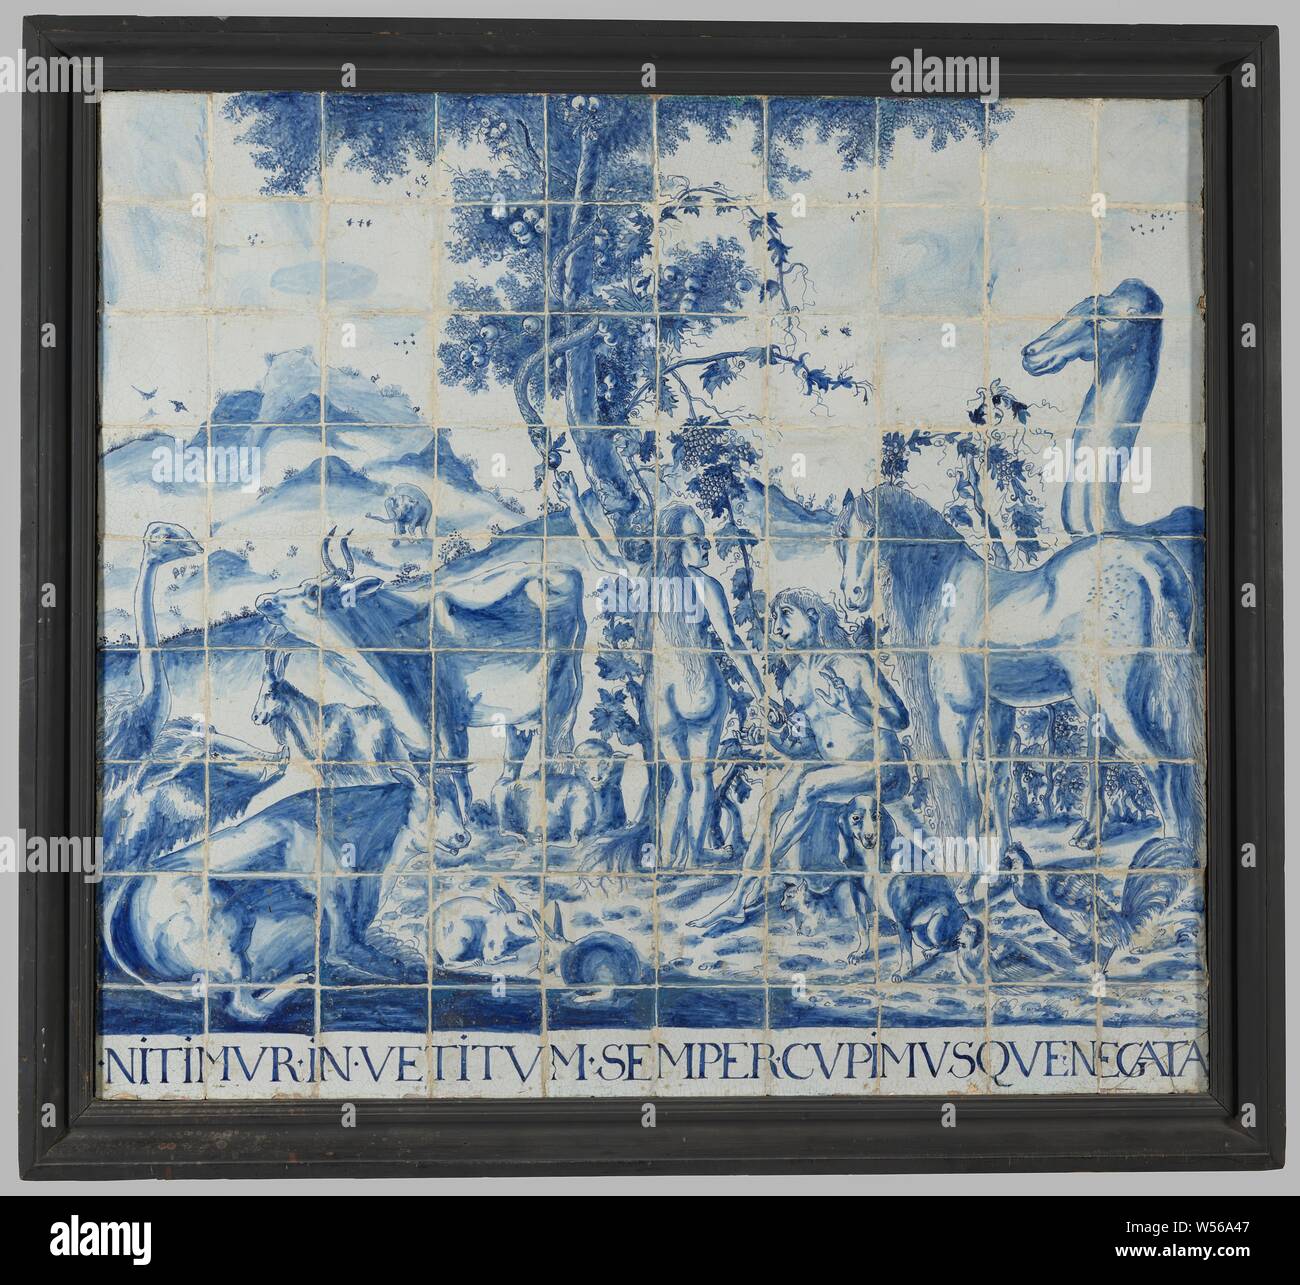 Pannello di piastrelle di 90 tessere, pannello di piastrelle di 90 tessere (9 x 10) con un blu dipinto di rappresentazione biblica di Adamo ed Eva circondato dagli animali con la struttura ad albero con il serpente nel mezzo. Al di sotto della mostra, l'iscrizione: .NITIMVR.in.VETITVM.SEMPER.CVPIMVSQVENEGATA., anonimo, Olanda, 1650 - 1680, terraglia, stagno smalto, h 131 cm × w 144.5 cm × d 7 Foto Stock
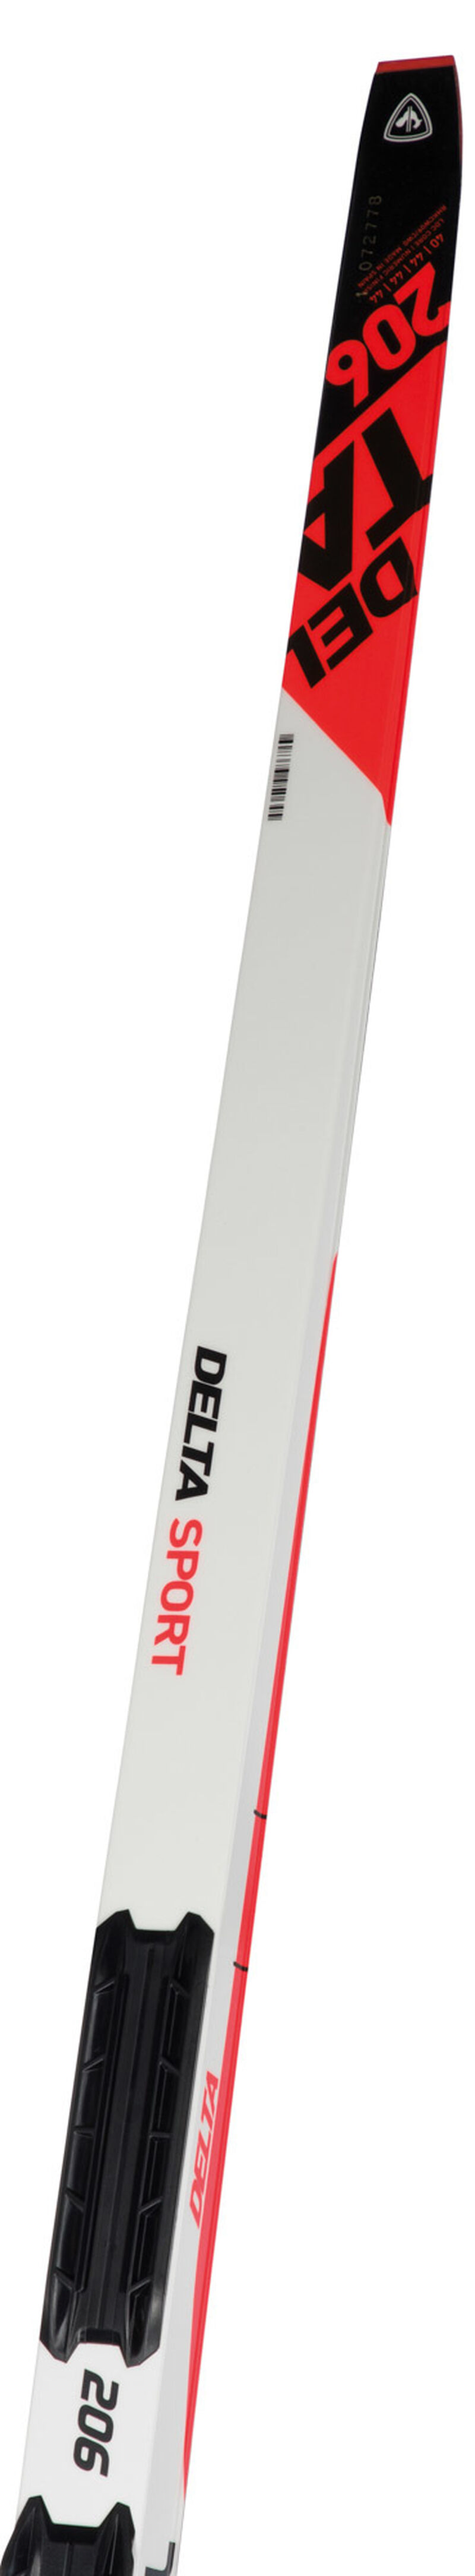 Rossignol Unisex Nordic Skis Delta Sport Classic 
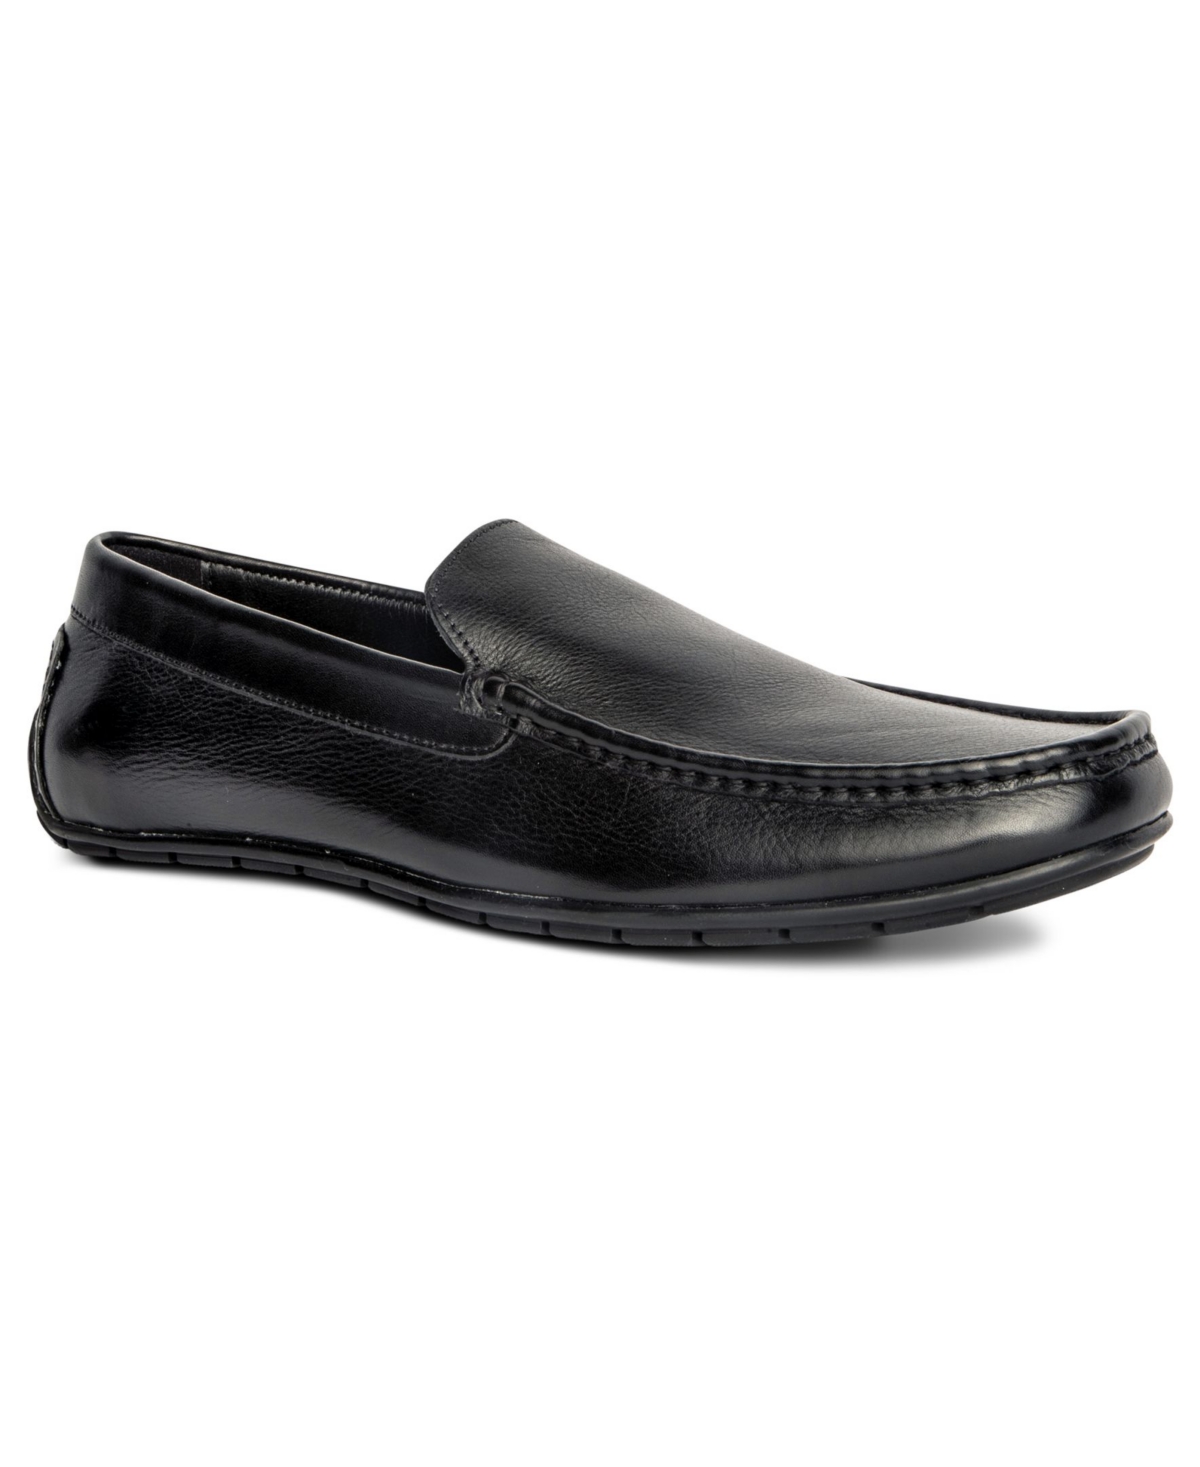 Men's Cleveland Driver Slip-On Leather Loafer - Black
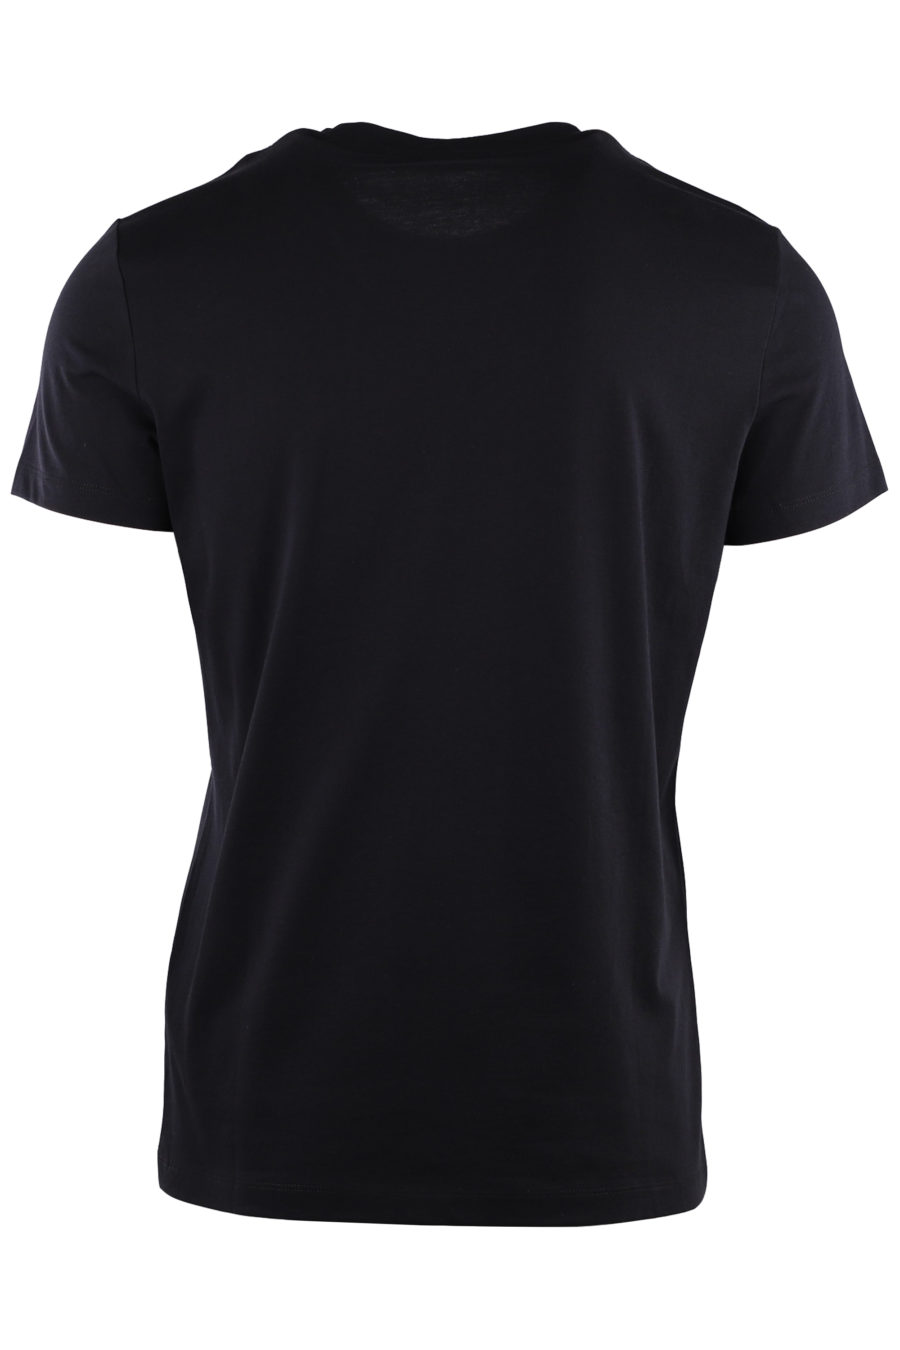 Camiseta negra con logo de terciopelo blanco - 1b404a24d2c11f2dc711f94c66423eb234428d24
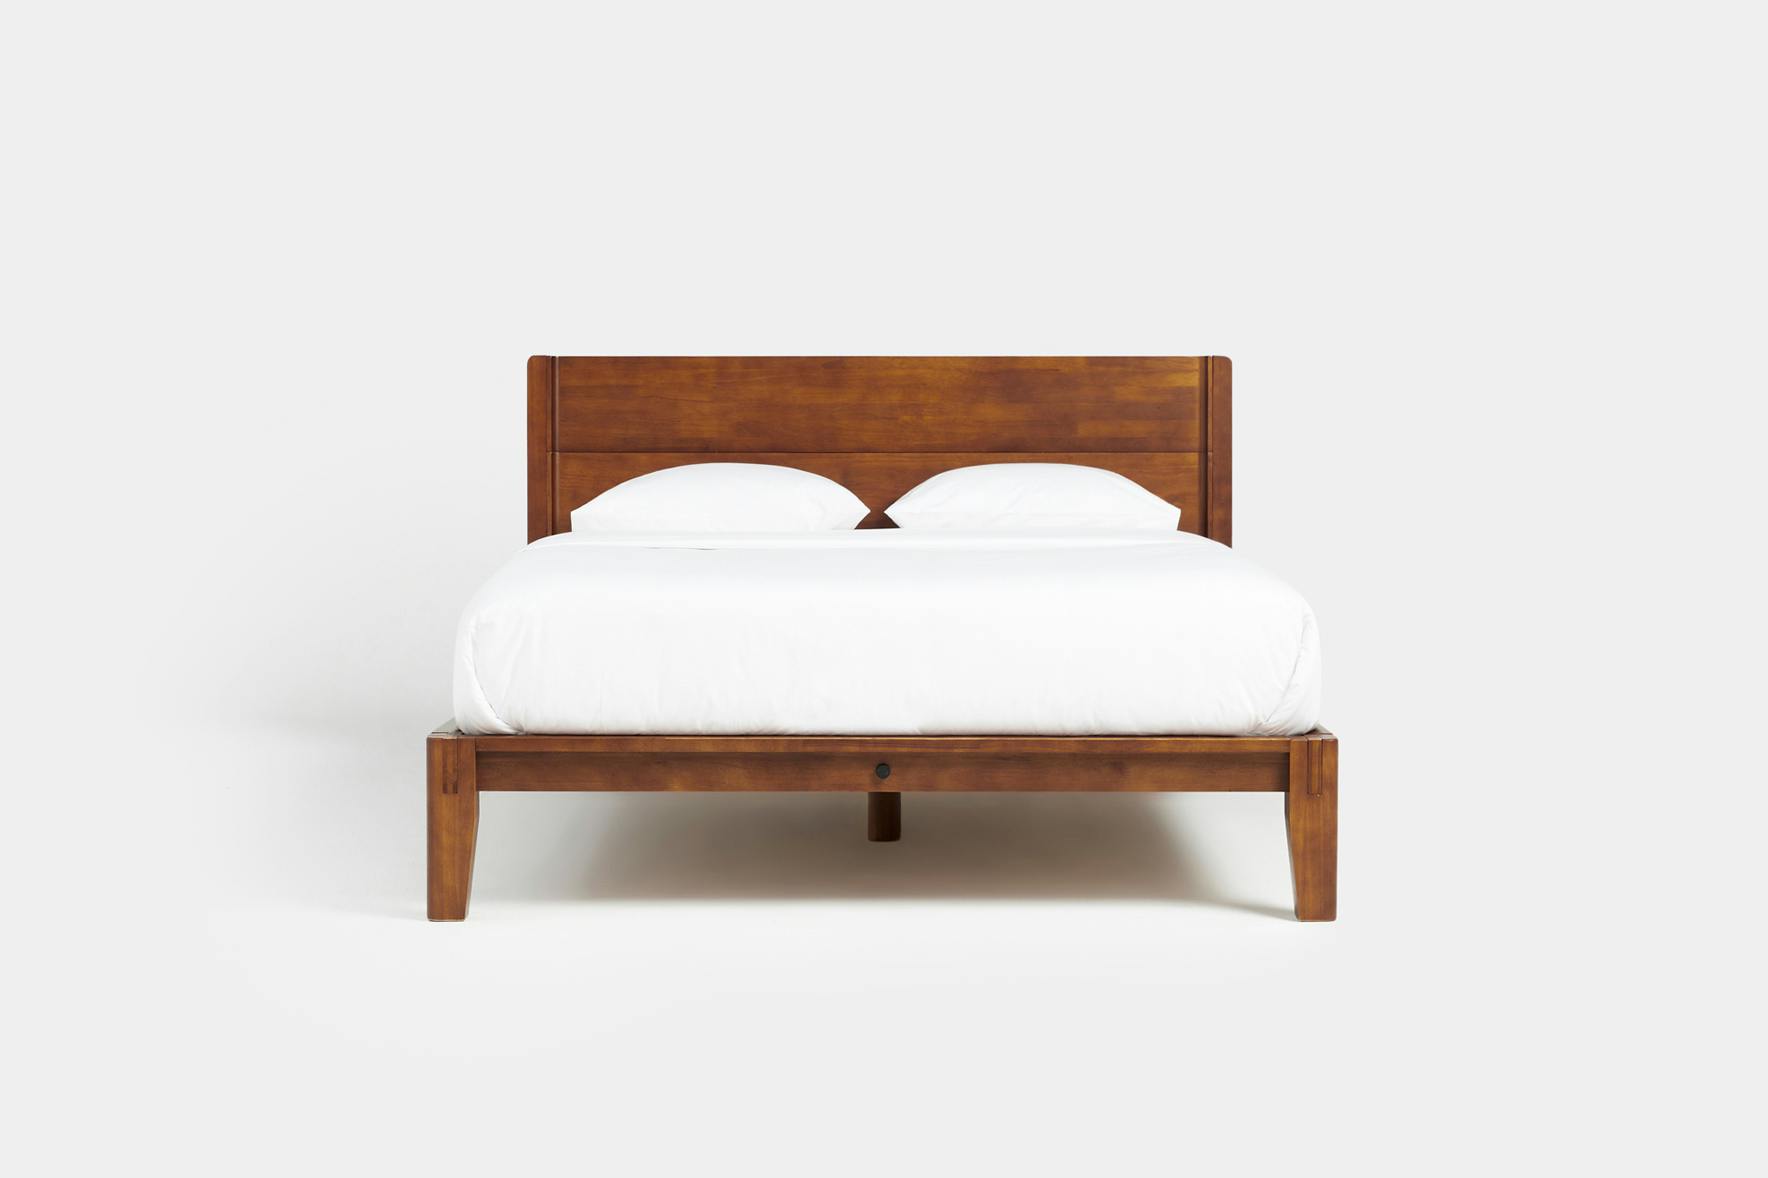 The Bed + Headboard, in Walnut

# # # #

Output the line that contains "Rossignol Unisex Nordic" and every subsequent line through the end of the entries, exactly as given, without pictures.

 Rossignol Unisex Nordic Skis Delta Sport Classic 
 Men's Cleveland Driver Slip-On Leather Loafer - Black
 Camiseta negra con logo de terciopelo blanco - 1b404a24d2c11f2dc711f94c66423eb234428d24
 The Bed + Headboard, in Walnut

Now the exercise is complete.